On Tue, Apr 9, 2013 at 5:26 PM, Nils Bruin <nbr...@sfu.ca> wrote:
> On Apr 9, 4:11 pm, Robert Bradshaw <rober...@math.washington.edu>
> wrote:
>> To let x.foo() call different functions depending on whether your in
>> Cython or Python, or even worse whether x is fully typed, would be
>> even more surprising.
>
> Does cython overload on type signature? I don't have a particular
> problem with the semantics of cpdef, it's quite reasonable to have
> something like that (python semantics, but an optimized common path).
> I was just expecting it to be fully equivalent with
>
>   cdef _private_cdef_method(...):
>      ...
>   def method(...):
>       return _private_cdef_method(...)
>
> with some magic to directly use _private_cdef_method wherever that
> definition is available.

One can still write this if these are the desired semantics.
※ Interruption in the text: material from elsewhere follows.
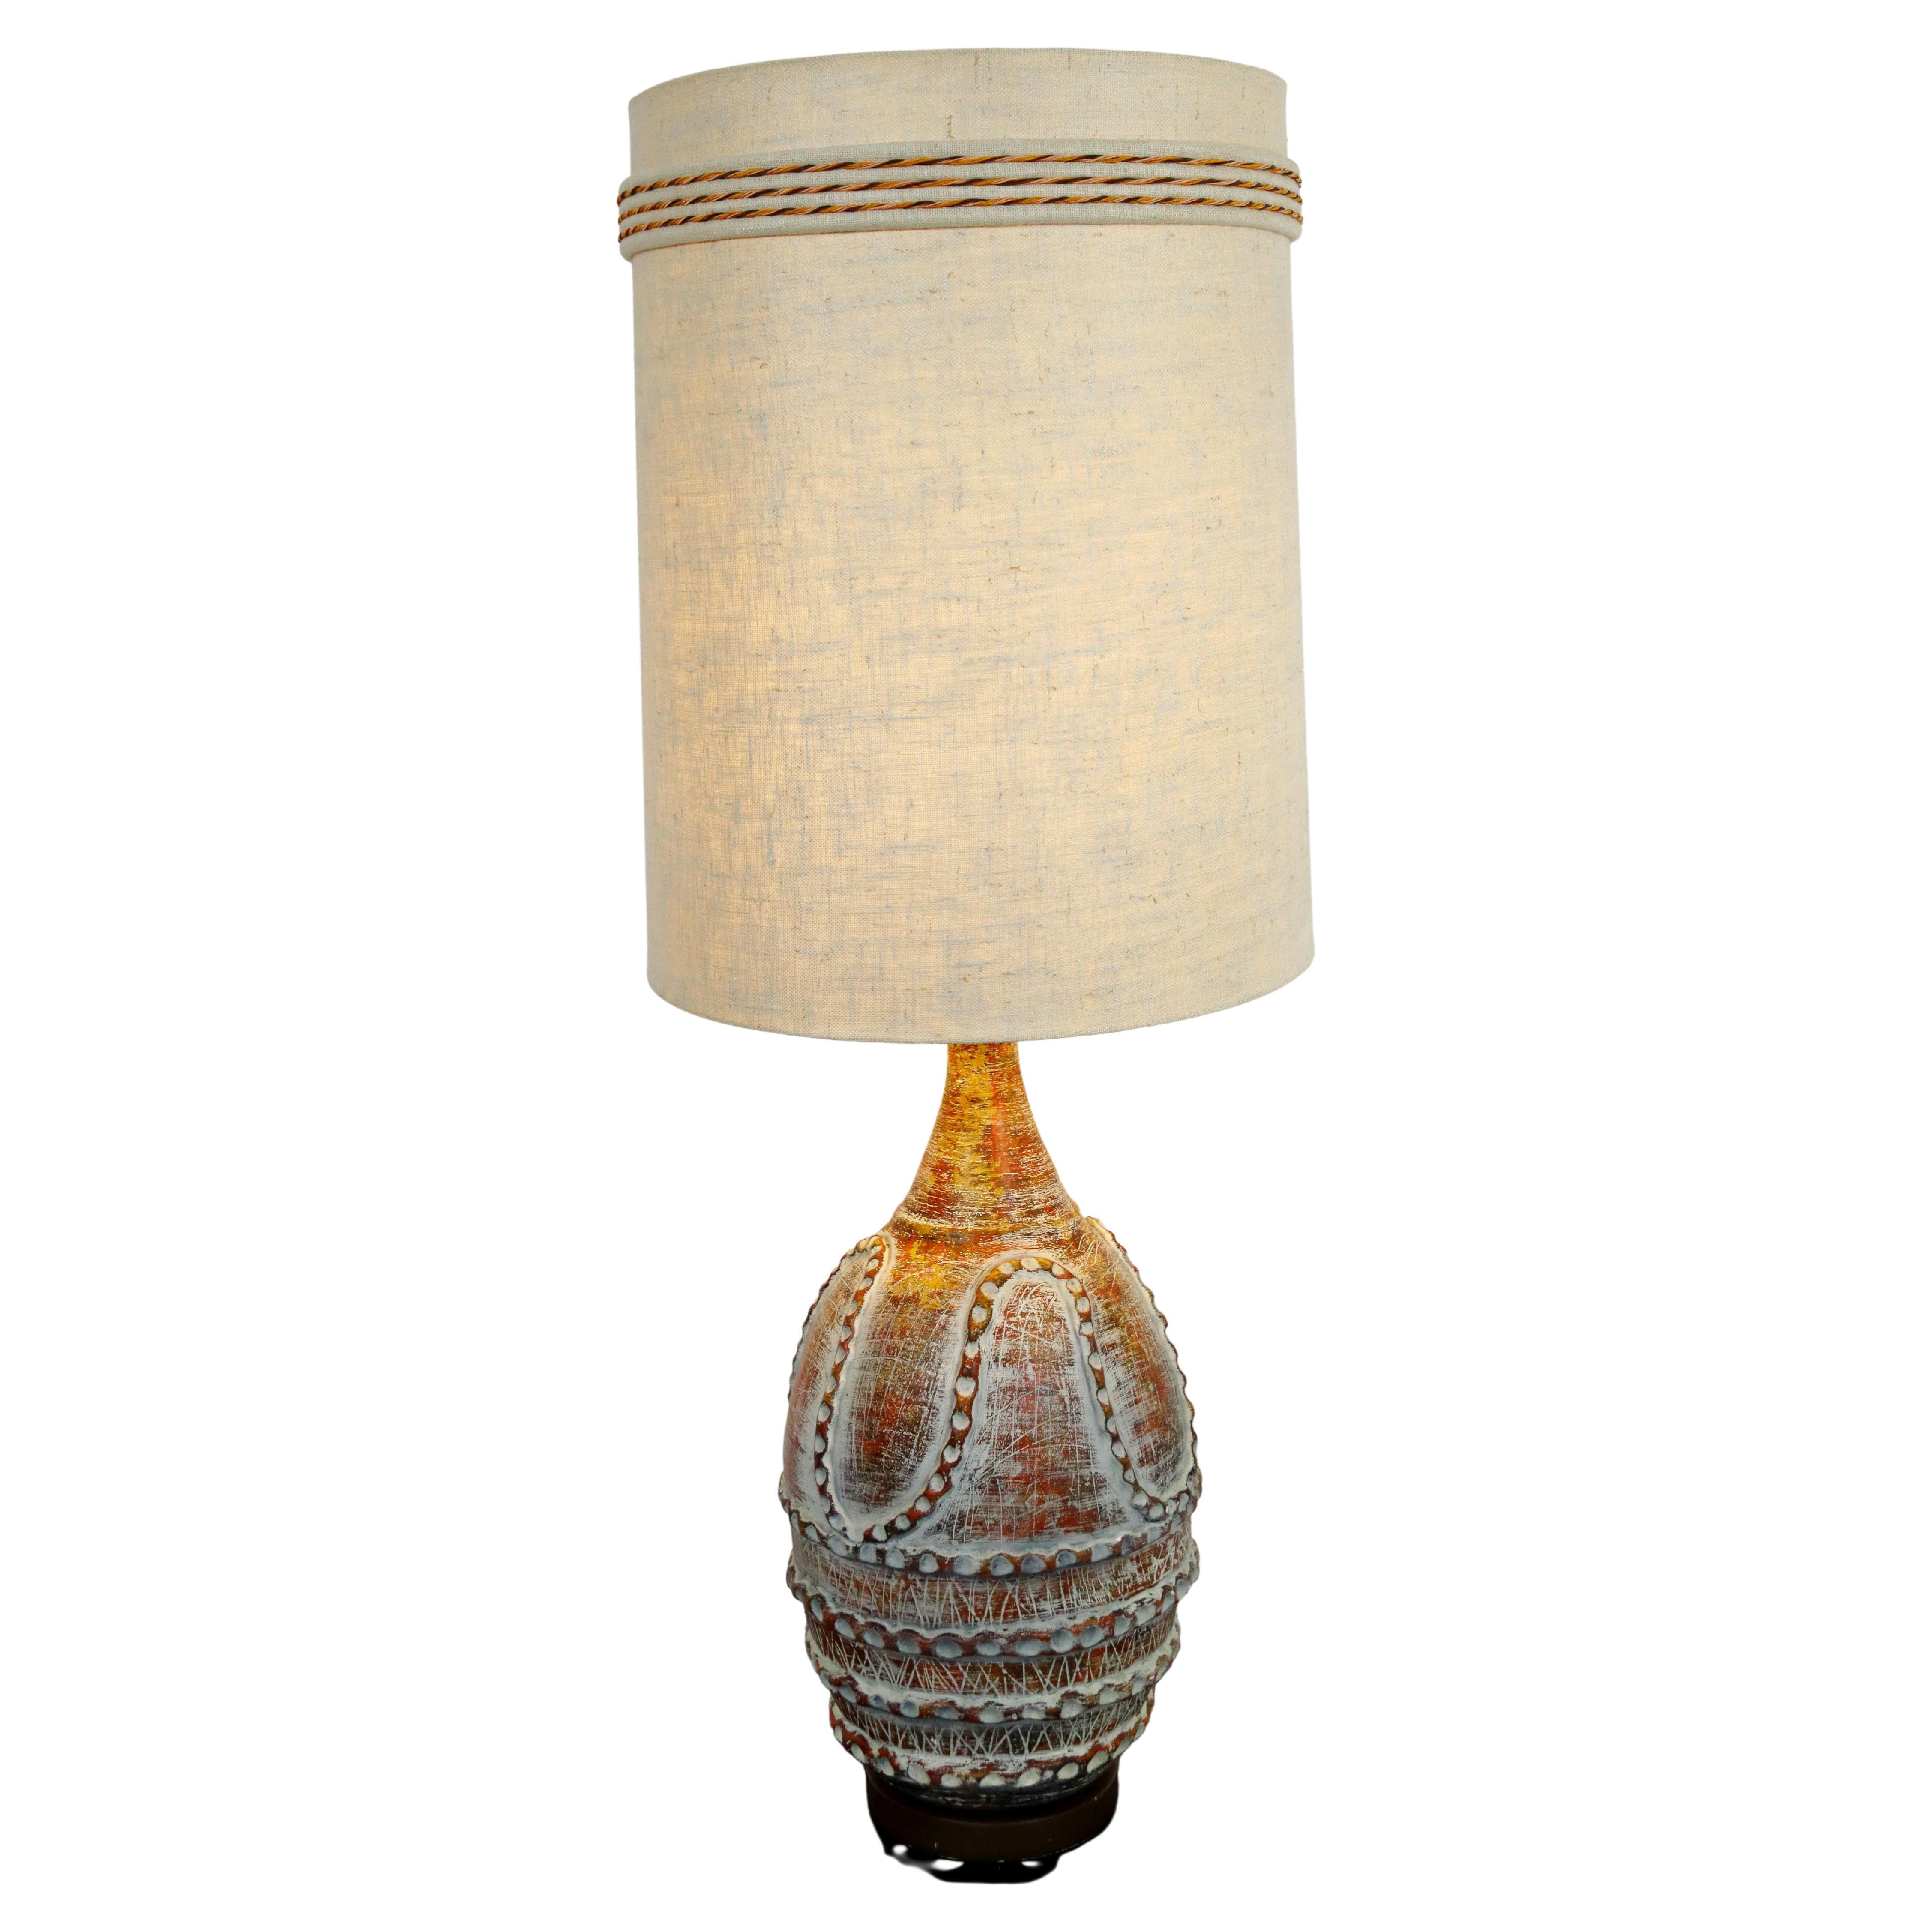 Mid-Century Modern Large Ceramic Table Lamp Original Shade & Finial, 1960s

> Incidentally, cpdef methods already have a way to bypass the attribute
> lookup dispatch: they grow an extra parameter skip_dispatch. The
> python wrapper actually calls it that way, because by the time that
> gets called, all attribute lookup has already been done appropriately.
> So if we could actually call
>
>   cpdeffed_method(...,skip_dispatch=1)
>
> (which would then have to be translated to the appropriate C-code), we
> would already have (something very close to) the fast path. I'm sure
> there are better notations for this.
>
> Another (slightly less flexible) possibility would be a decorator
>
>     @cython.no_dispatch
>     cpdef ....
>
> which would leave out the dispatch part of a cpdef method.
>
> Of course, we should probably first come up with a practical example
> where this makes a measurable difference. However, given the trivial
> access routines that some sage code has, I'd expect we could find such
> an example. Making access to that attribute the critical part of a
> loop might be a bit of a stretch though.
>
>> I bet we could leverage tp_version_tag though, I'm going to give that a try.
>
> Nope. That just tracks modifications of tp_dict, the MRO, and
> modifications to tp_dict higher up in the MRO. I'm assuming that the
> lookup in the vtab is already taking care of modifications there.

It's all defined at compile time, and we leverage that the baseclasses
are all Cython classes so you can't manipulate the dict directly.

If we could tell that both tp_version_tag and the objects __dict__
didn't change, that should be sufficient (modulo perhaps issues with
__getattr__ and the likes).

> It seems to me that if a subtype decides to shadow a cpdef using an entry
> in its tp_dict, while not touching the vtab and keeping
> tp_dictoffset=0, the current dispatch code would not pick it up
> anyway. Or would that be illegal according to python protocols?

True. This could actually be dangerous (e.g. one could use __slots__
to avoid the creation of a dict). I think that's a bug.